Before coming to Egypt, did you plan on researching the local or MENA region marketing scene?
If you already have, how do you feel we are doing? Are there certain steps or things we could be doing to improve our overall marketing efforts?
I have been following Egypt and its market for a while, since the advent of global social media, and am fascinated with the creativity and entrepreneurship of its people.
I only actually only recommend to lean in even more in creatively and flexibly applying technology, especially when it relates to customization. Big ideas don’t always come from big pockets. Quite the opposite, in fact.
You’ve recently started your company, INNRDesign. Could you explain how INNRDesign works and how it could impact a company’s marketing efforts?
INNRdesign’s goal is to use neuroscience, technology and design to both discover the highest potential of a company based on its combination of resources and understand how to leverage its unique profile to get there. Just like these principles are used to drive purchasing or voting behavior, they can be used to prime companies to reach their goals by tapping into their potential.
What interests you so much about data analysis and INNRDesign’s work?
The beauty of data is that it opens more doors into understanding human decision making and how we evolve as a species.
When AI is applied to data – through social media, wearables or smart homes – it allows us to go from marketing to the masses to reaching each individual in a completely customized manner. This gives us both tremendous untapped opportunities along with equal responsibility to utilize this knowledge ethically and protect vulnerable users.
Do you think companies should also be interested in the same things, or for the same reasons?
Absolutely! We live in a world where we are willingly giving up our private data in return for free content and services.
But we do so, because we placed trust in those platforms, specifically Facebook and Google.
Trust is the most vulnerable resource today and it is much easier to lose than gain. We have now reached a point where we all started to question and lose that trust. And without trust, there is no engagement, and without engagement there is no data. And in that world, we all lose.
When we discuss things such as AI, Neurosceince and data analysis, many marketers from smaller or medium sized companies tremble a little in fear.
That is because neuroscience is designed to be intimidating to the masses. After all, it deals with subconscious decision making, perhaps uses it as well?
I am kidding, of course.
Neuromarketing is being used in two ways: data harvesting and content application (creative, platform, timing, device, state of mind, etc.). As technology advances it drives down the barriers to entry for marketers of all sizes. Today, we moved from using expenses fMRI studies that only a lucky few had the means for (and was argued to have overstated results) to data markers and biometrics collected in mass and interpreted in real time.

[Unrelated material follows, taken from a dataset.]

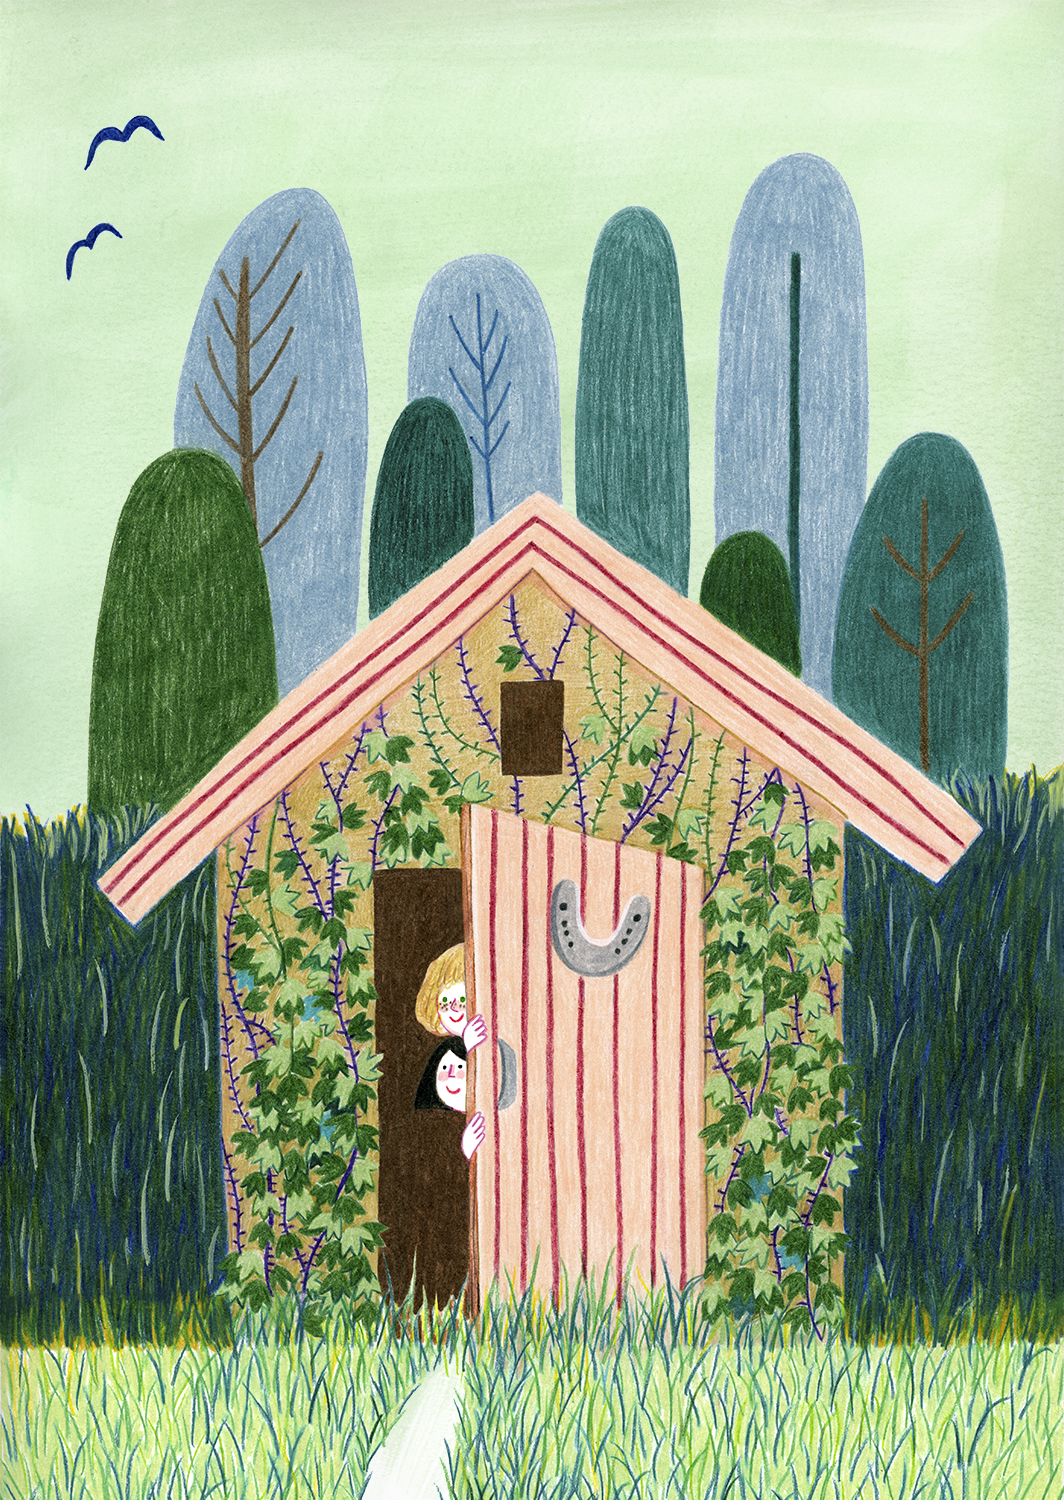 The Secret Hen House Theatre illustration by Yinfan Huang

How would you suggest they move forward with their marketing if they have low budgets, or feel they are too small to use newer, more advanced marketing technologies?
While not everyone may be able to hook up an entire movie theatre to cognitive bands or monitoring the CO2 levels of an entire audience in real time (like they just did at TED last week), studies in the past few years have given marketers of all sizes and budgets access to impactful principles that they can apply to their campaigns.
What kind of marketing technologies, such as SEO, conversion optimization and content marketing, would you suggest or recommend for younger startups to use if they are unable to use more advanced tech such as AI?
There are a lot of technologies that are being applied for free or nearly for free today to improve targeting and increase reach. The problem is that the more solutions there are the more noise is created. So in order to stand out, startups needs to have two core things:
- A valuable offering that they believe in and understand it’s audience and business model
- Creative that stands out to tell their story. No targeting or reach technology can trump genuine emotion when it comes to impacting decision making and purchasing behavior.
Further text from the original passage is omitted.